> _Task brief_
Using the listing below, set down exactly the lines from the one that contains "HUNGARY - CIRCA" through the one that contains "Here's a taste", with no pictures.

> _Exercise data_
---------------

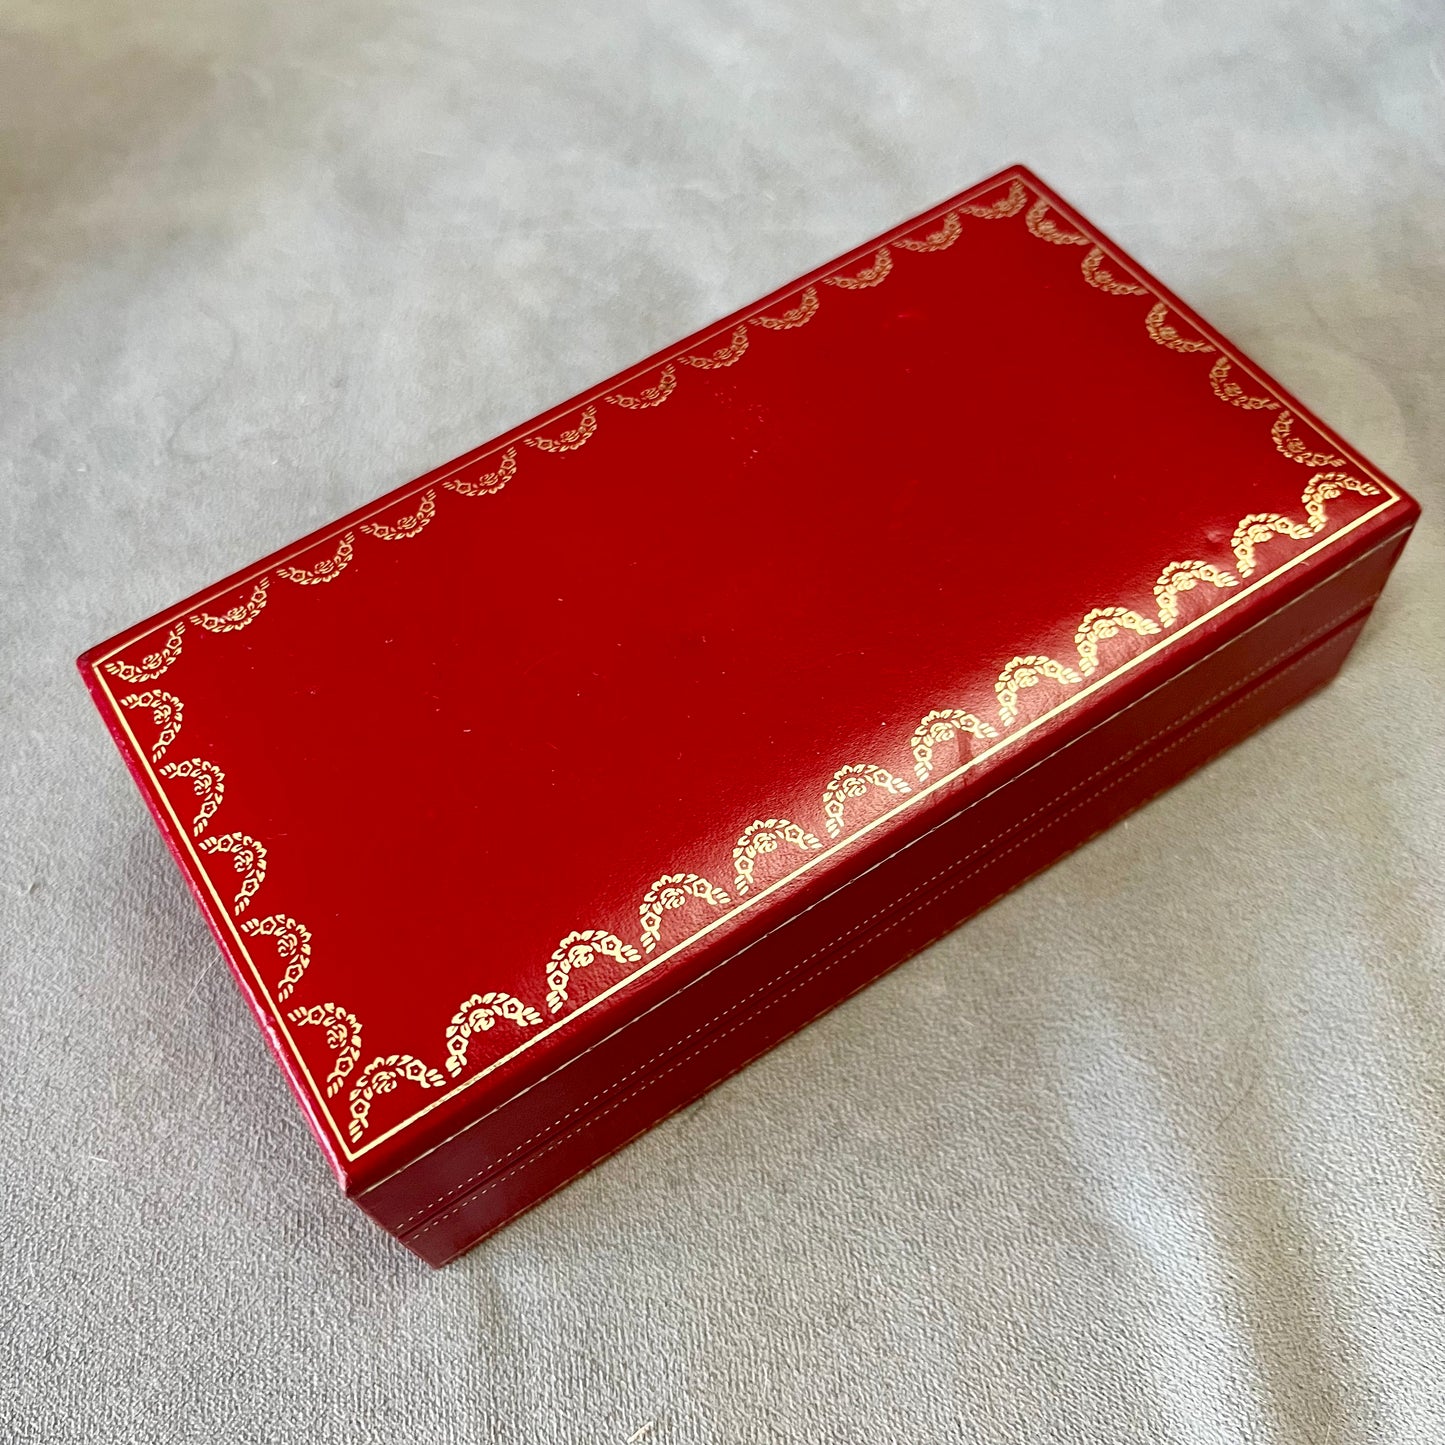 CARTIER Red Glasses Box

---------------

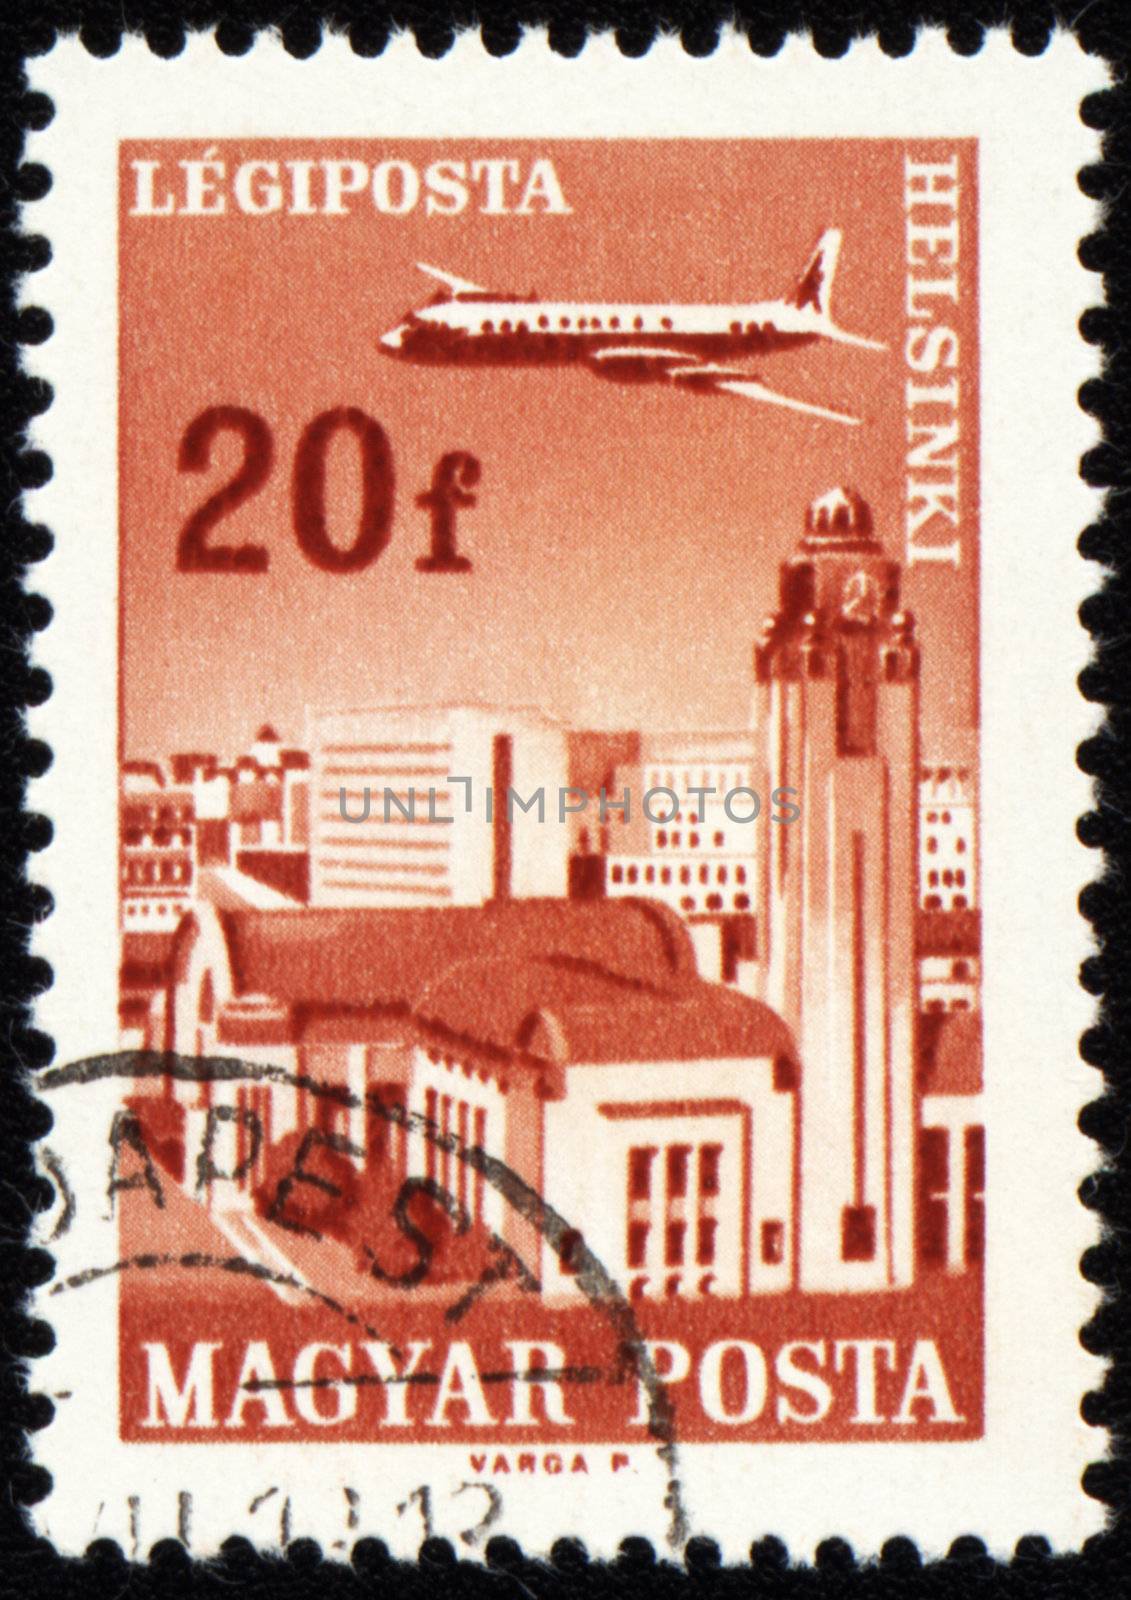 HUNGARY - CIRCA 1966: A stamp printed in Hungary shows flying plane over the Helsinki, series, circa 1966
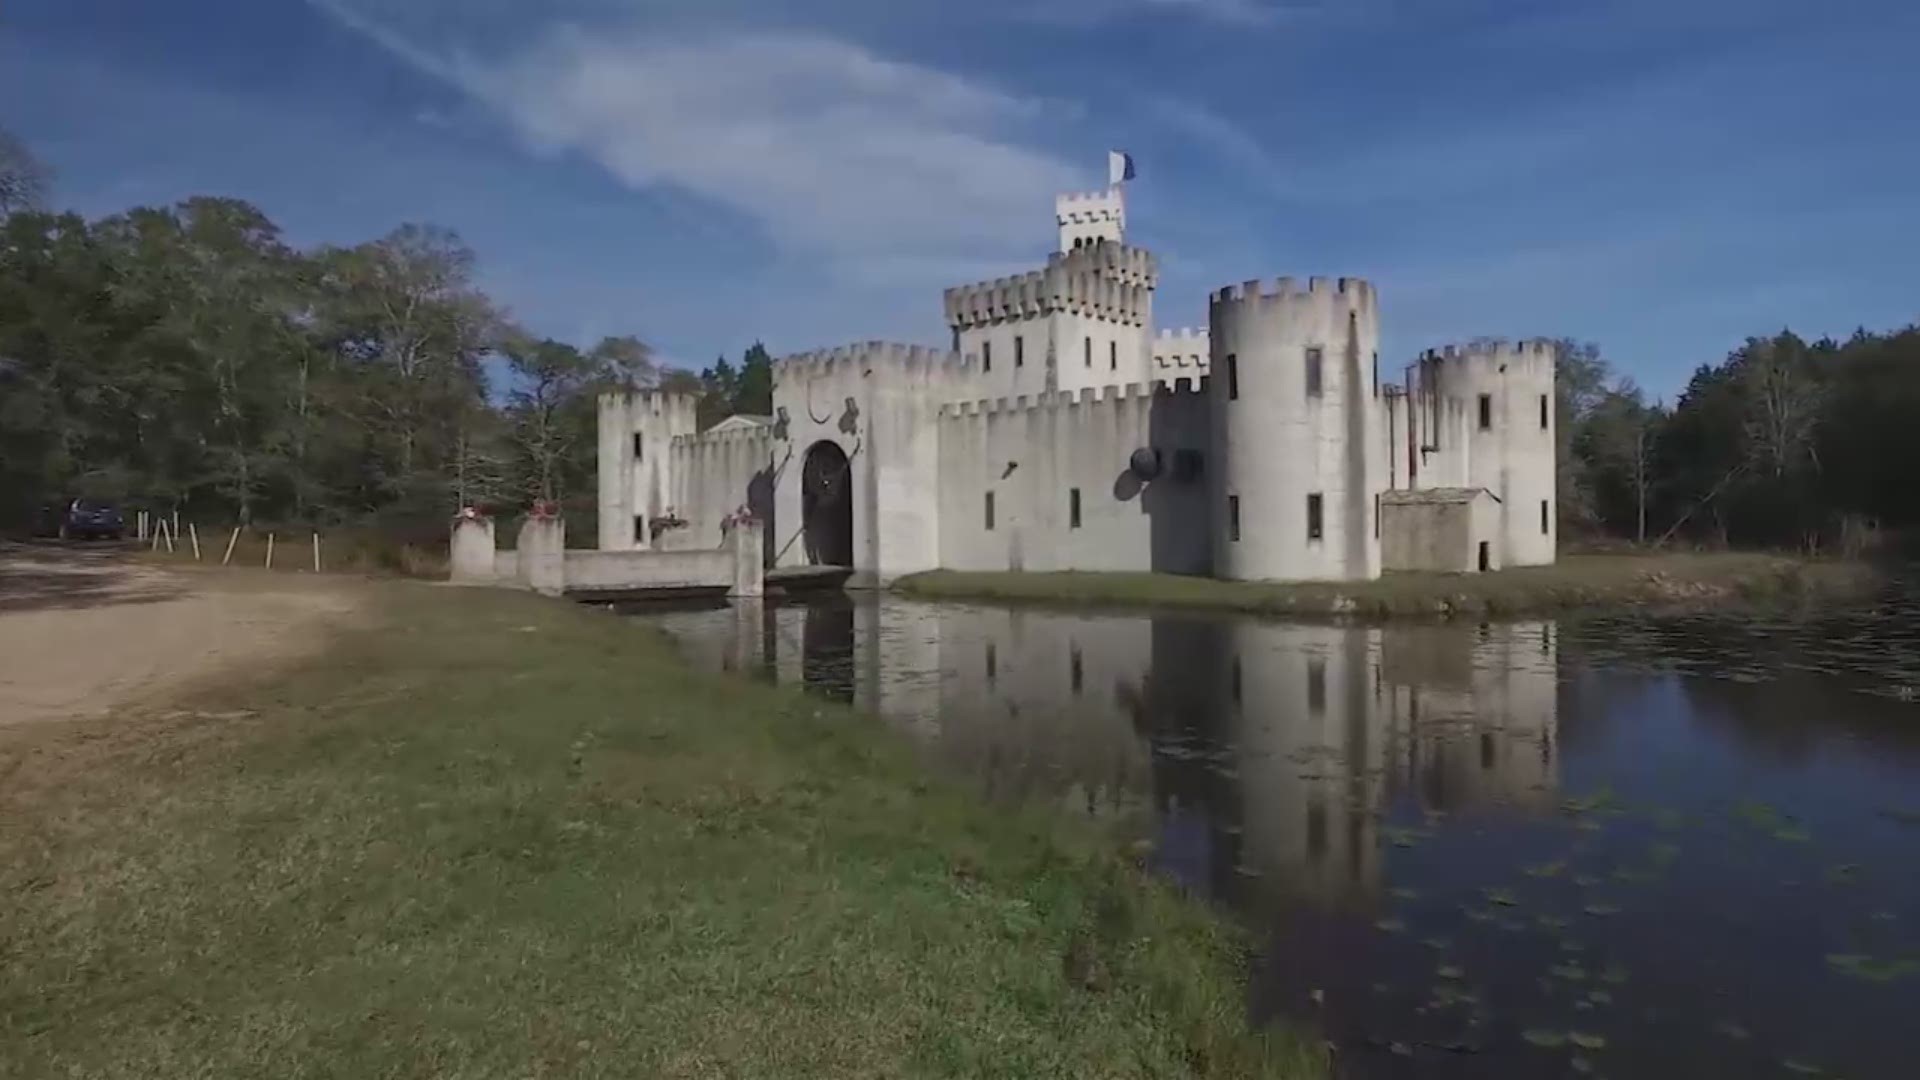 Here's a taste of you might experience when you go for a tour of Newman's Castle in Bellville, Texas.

---------------

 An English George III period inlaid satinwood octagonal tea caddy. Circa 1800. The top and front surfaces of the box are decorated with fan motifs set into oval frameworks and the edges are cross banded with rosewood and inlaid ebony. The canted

---------------

> _Final answer_
 HUNGARY - CIRCA 1966: A stamp printed in Hungary shows flying plane over the Helsinki, series, circa 1966
 Here's a taste of you might experience when you go for a tour of Newman's Castle in Bellville, Texas.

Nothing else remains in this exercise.